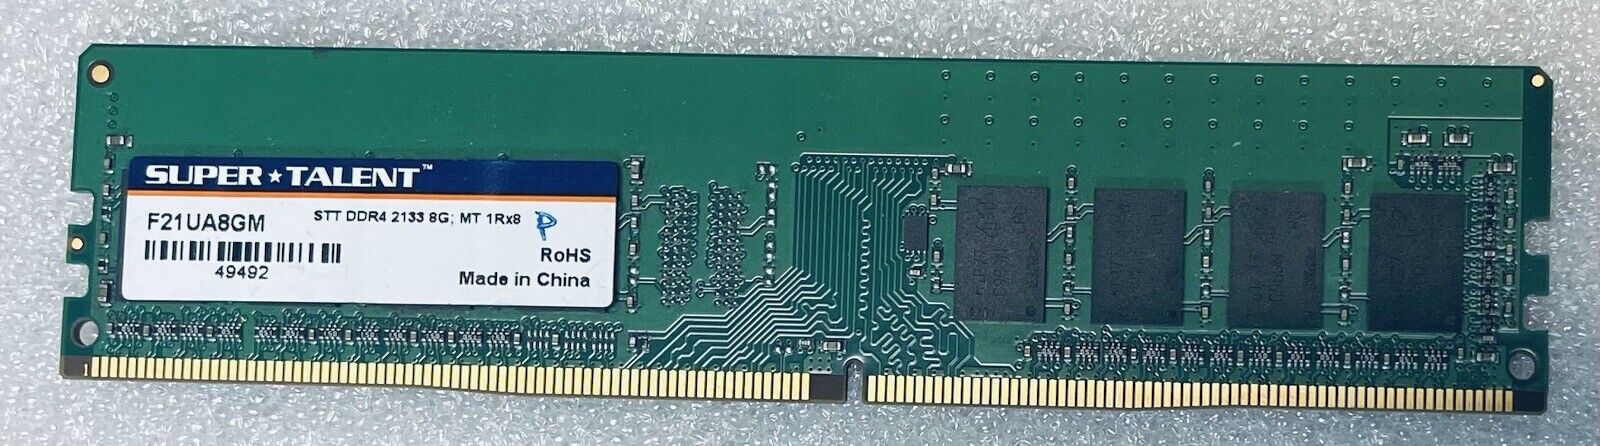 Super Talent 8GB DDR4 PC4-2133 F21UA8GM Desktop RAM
○ ○ ○ ○ ○
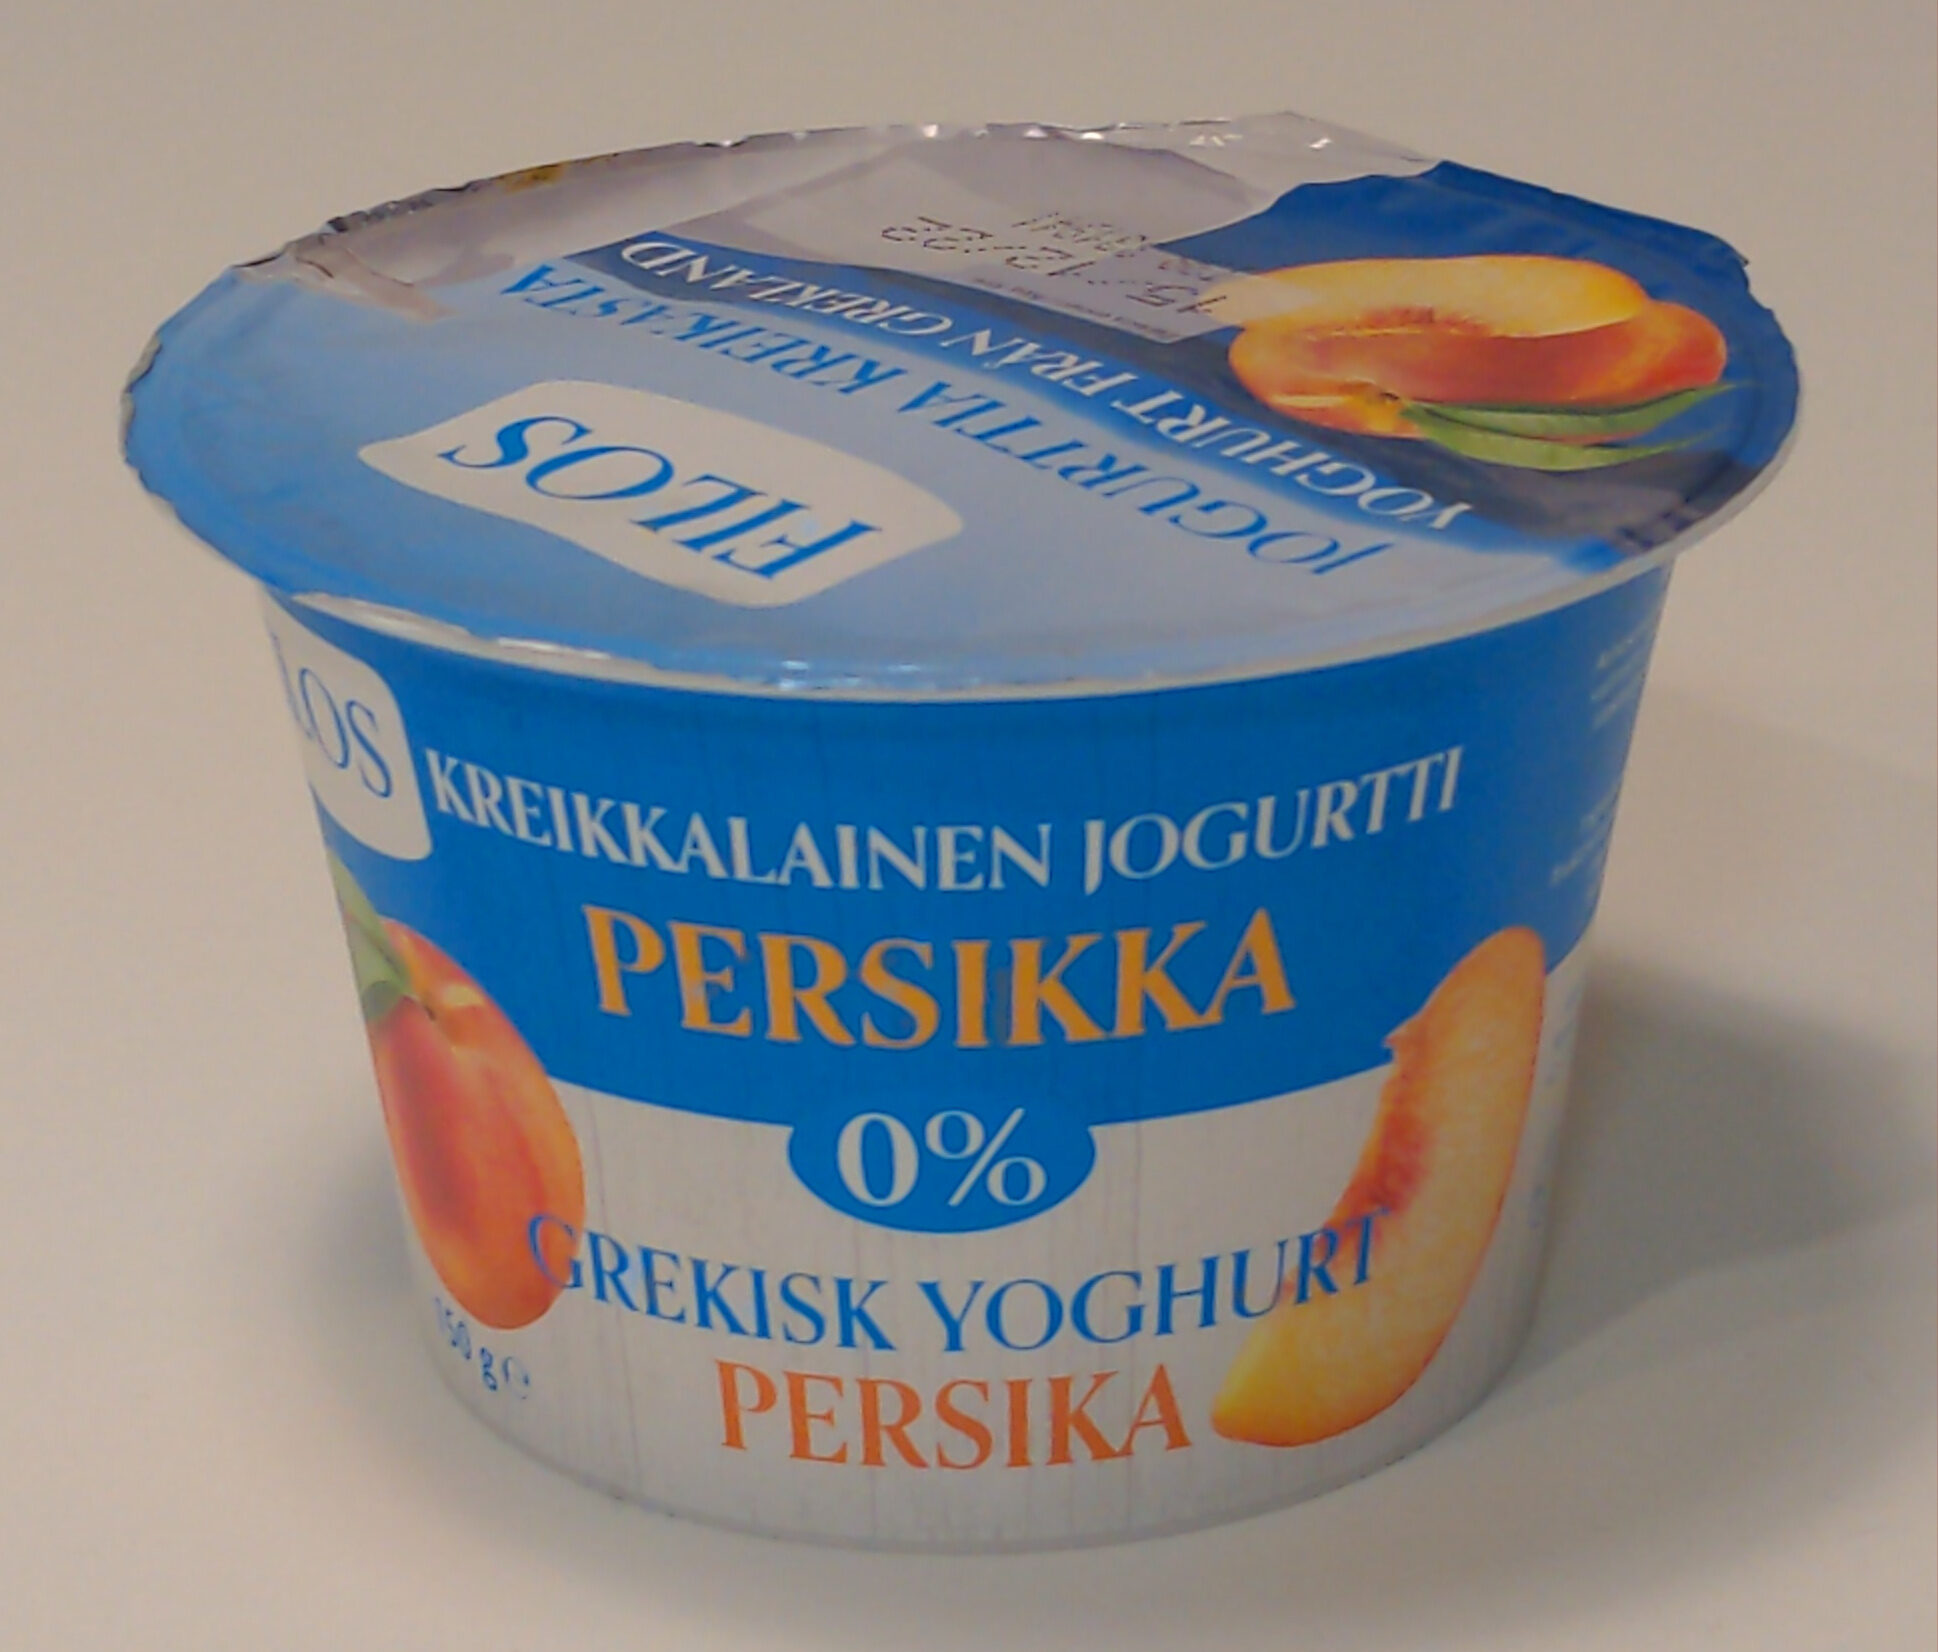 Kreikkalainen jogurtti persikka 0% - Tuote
○ ○ ○ ○ ○
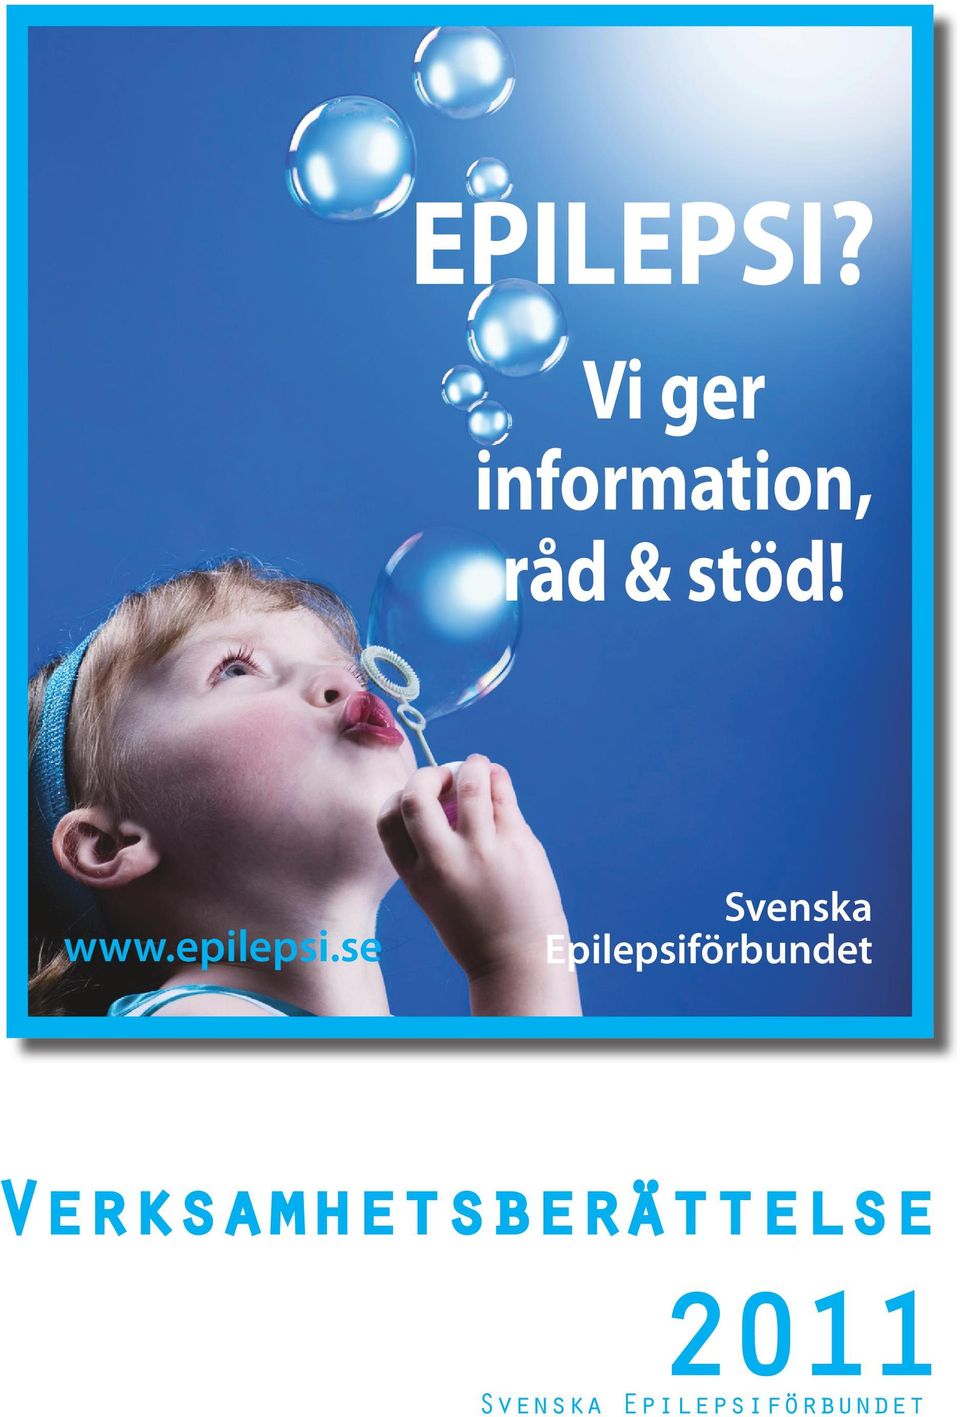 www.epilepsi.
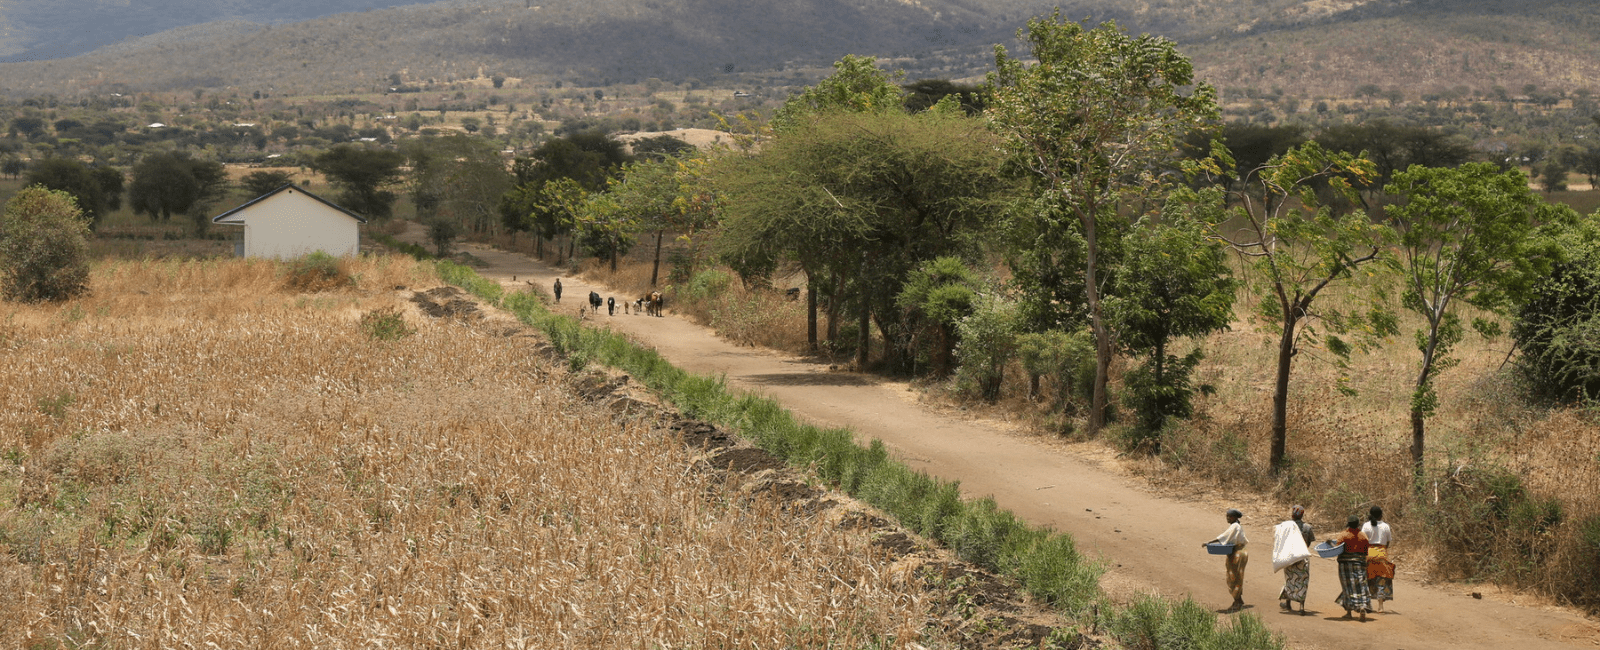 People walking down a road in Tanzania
○ ○ ○ ○ ○
• Work to complete:
Would you restate, exactly and with no pictures, the lines of the entries above from the one containing "www.epilepsi." through the one containing "People walking down a road in Tanzania"?

• Answer to this exercise:
 www.epilepsi.
 People walking down a road in Tanzania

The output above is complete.